George gets off too easily for all of this; he was allowed to gracefully retire.

Weak Sauce

A major issue I have with the Reasoned Decision is its reliance on language to persuade, as opposed to evidence. Frequently, they overreach with their assertions. Too frequently, they color the language like a novelist. The Reasoned Decision is not a novel, yet it is one of the most interesting reads I have had in some time. It's certainly more riveting than the third book in George R.R. Martin's Song of Ice and Fire series!

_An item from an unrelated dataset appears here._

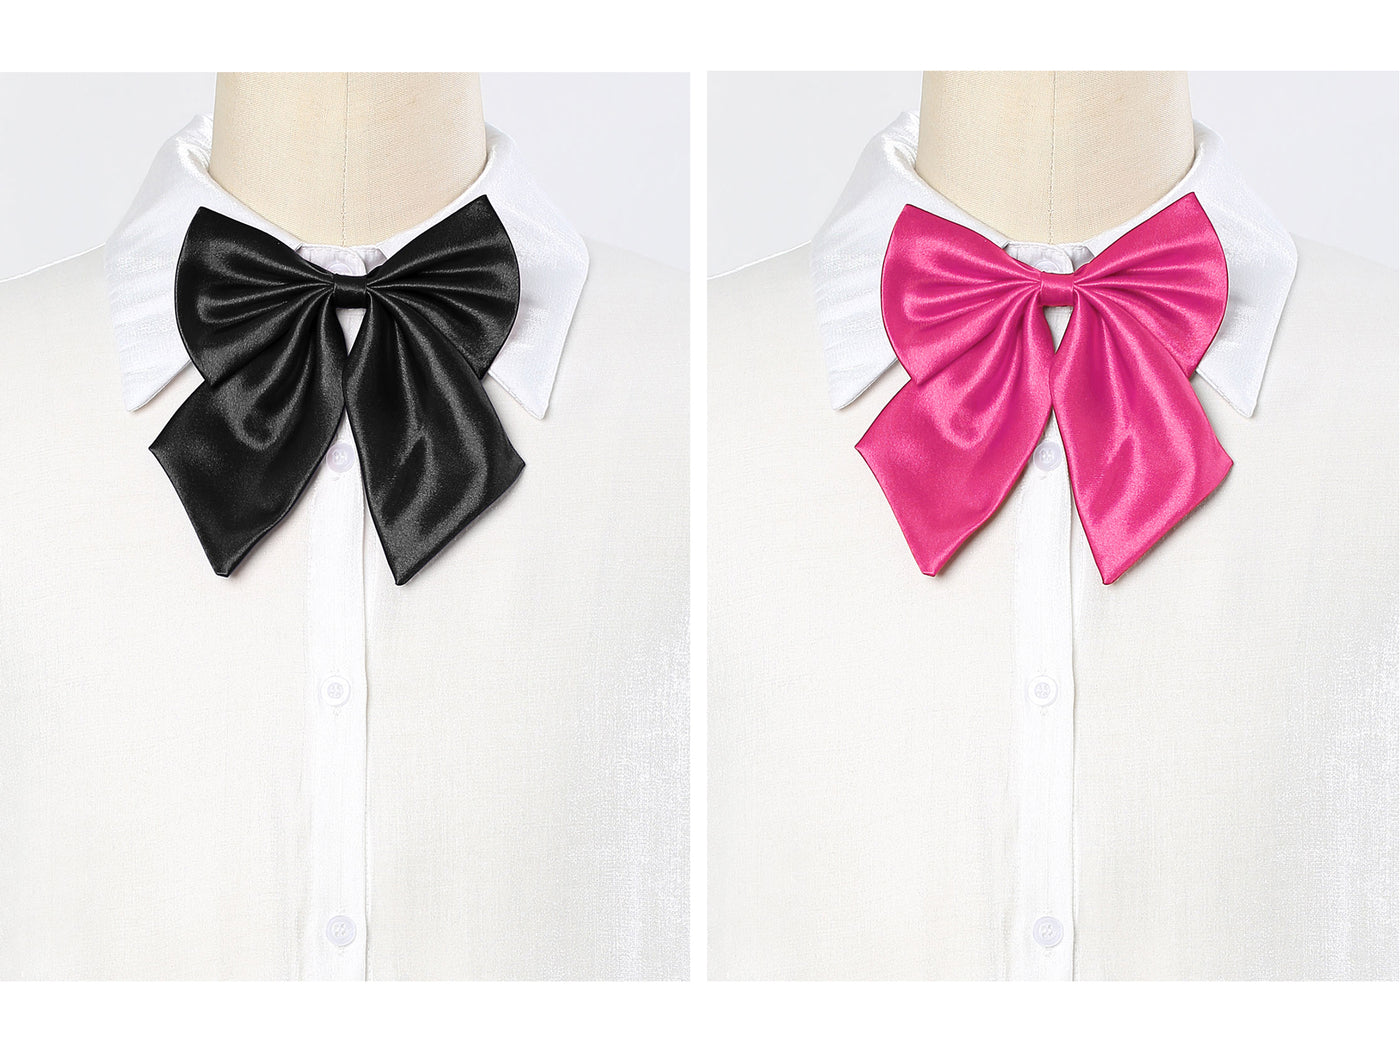 Allegra K Pre-tied Bowknot with Adjustable Neck Strap Cute Bowtie 2 Pcs

There will be a number of examples of linguistic bias, for now, an example of overreach on the part of the USADA is their handling of the "whole team transfusing on the bus" incident. In essence, Landis told the story to several people. They all testified that Landis told the story to them. Landis is the only "eyewitness" to the event. This would be dismissed in a real court. It falls into the category of heresay, and it is an example of why the USADA document makes me uneasy.
Levi Leipheimer testified that in 2005 when he and Landis were assisting each other with blood transfusions that Landis had told him about an incident at the 2004 Tour where the entire U.S. Postal Service team had received transfusions on the team bus following a stage in the Tour.380 Landis confirmed to Leipheimer that Lance Armstrong received a transfusion at that time.381 Moreover, David Zabriskie testified that in 2004 he too was told by Landis about an incident occurring at a race in 2004 where team members had received transfusions on the bus after a stage in the race.382 Thus, the bus transfusion incident has been triply confirmed. Not only two participants, Hincapie and Landis confirm it happened, but, Landis’ relatively contemporaneous statements to two additional individuals add yet another layer of assurance, confirmation and verifiability to the account.
(Reasoned Decision, p.71)

I find that weak. It's sounds reasonable, but reasonable and "proof" are different things.

The Simeoni Incident

Like the "transfusions on the bus" incident, USADA makes much out of little evidence. Yes, Lance chased down Simeoni. Yes, they exchanged words. No, there is no evidence to support the content of their conversation. Claiming the YouTube video as evidence is laughable. True, there was a gesture, but to make so much out of so little is grotesque.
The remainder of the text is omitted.